Éditions Michalon
ouverture et effervescence du débat
192 pages
17 €
ISBN :
978-2-84186-521-5
en librairie le 18 mars 2010

Ce qui tue le travail

Un profonde mutation s’opère dans les mondes du travail que personne ne sait formuler justement.

La crise a bon dos ! Voici trente ans que l’entreprise réduit le travail à un coût, la gauche a une quantité partageable, la droite à un salaire variable. Sa réduction à de la « souffrance » ne fait qu’ajouter à la confusion... Plus grave, elle nous pose en pures victimes. En vérité, ces catégories de gestion figent le travail dans des rerpésentations appauvries de ce que nous faisons et de ce que nous sommes.

Cet ouvrage démonte la mécanique aveugle des politiques du chiffre et les formatages du travail par ceux qui l’observent et en décident de loin.

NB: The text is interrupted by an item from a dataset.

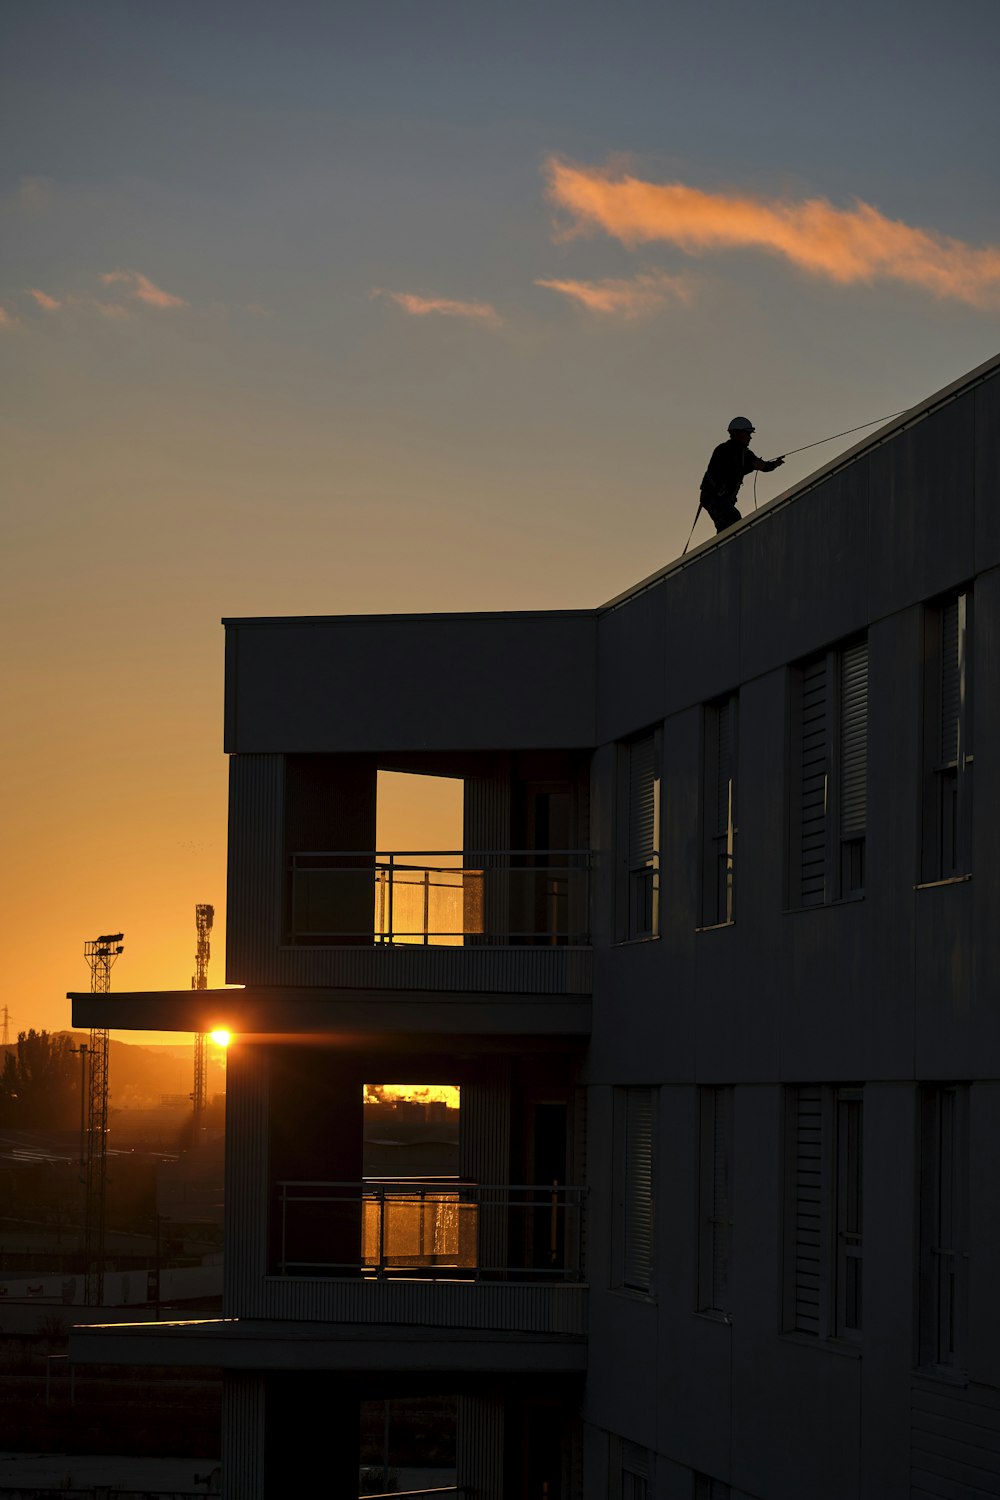 a person on a roof with the sun setting in the background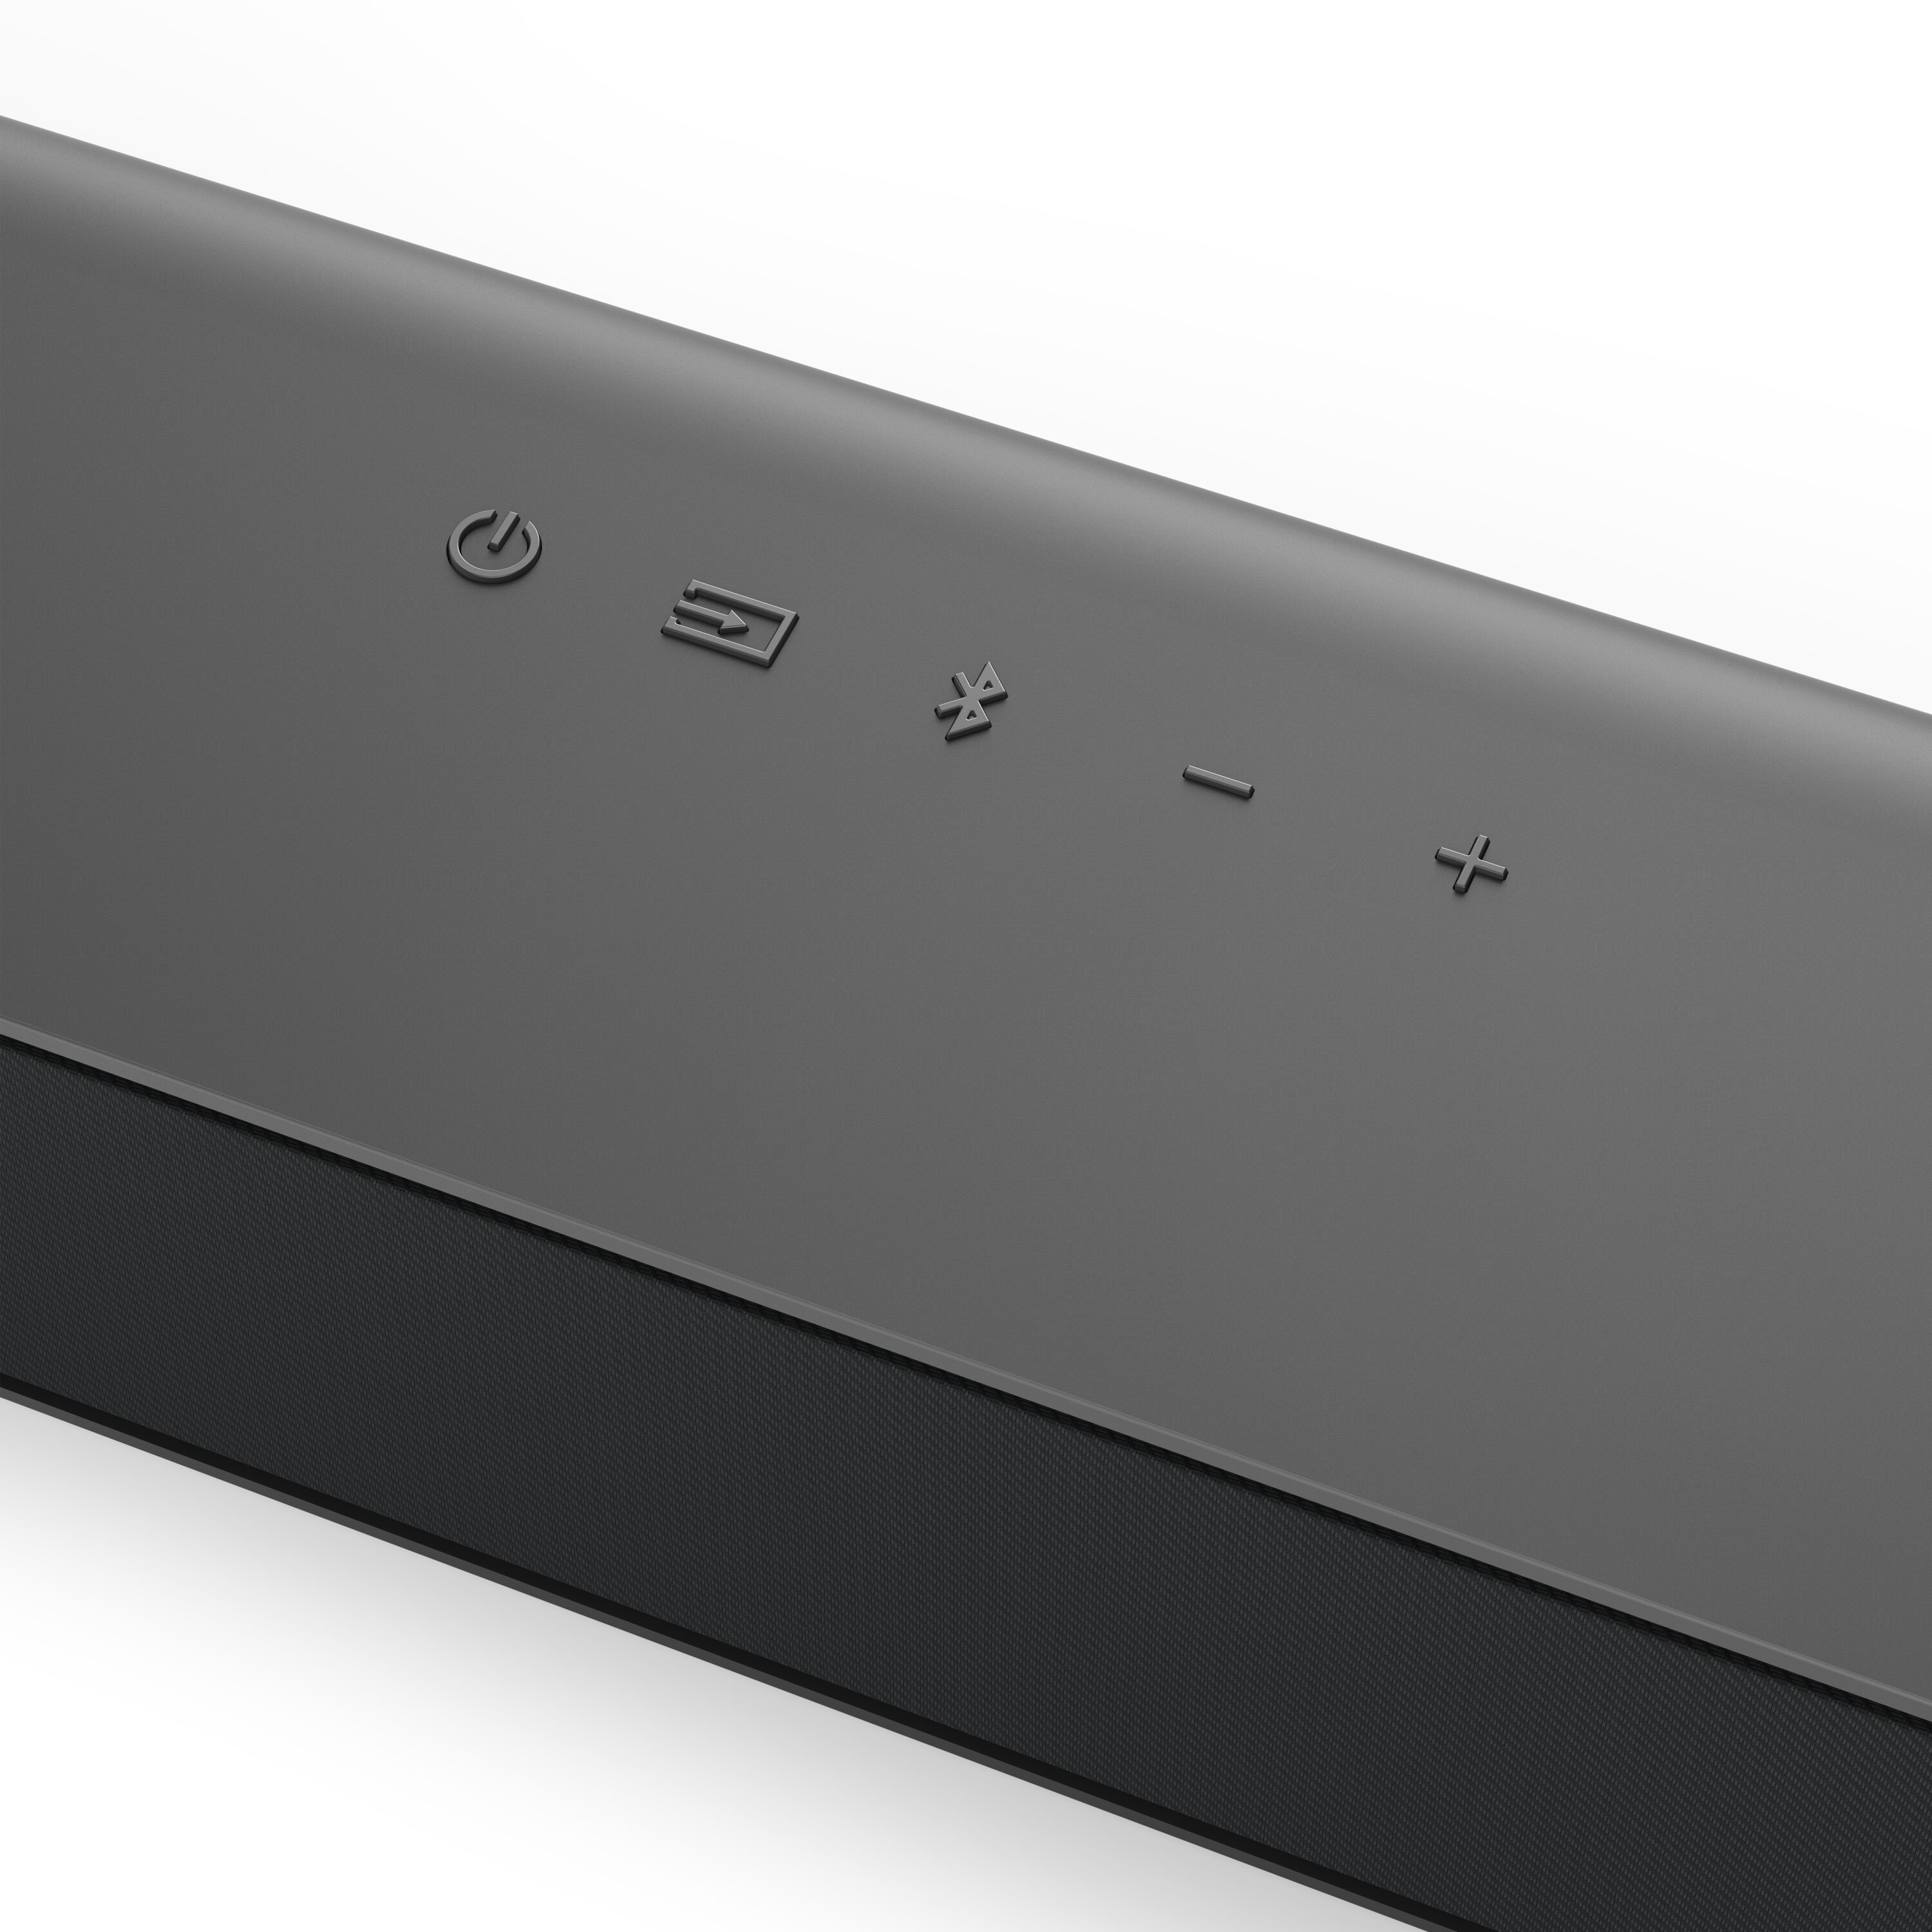 VIZIO M-Series 2.1 Premium Sound Bar with Dolby Atmos, DTS:X, Wireless Subwoofer M215a-J6 - image 13 of 21

À une gestion catégorique nourrie de credos scientistes, il oppose une gestion insitutante qui crée de la controverse, ancre le travail dans ses finalités, engendre des dynamiques qui renforcent les identités des individus et les acteurs collectifs.

Exigeant et sans concession, ce livre inaugural est aussi un outil de base pour réapprendre le dialogue social et sociétal sur l’organisation du travail et sa gestion.


Francis GINSBOURGER

Postface de Jean-Paul Bouchet

Francis Ginsbourger intervient dans les entreprises et les services publics lors de changements organisationnels et de métiers. Economiste du travail, il est chercheur associé au Centre de gestion scientifique de MinesParisTech.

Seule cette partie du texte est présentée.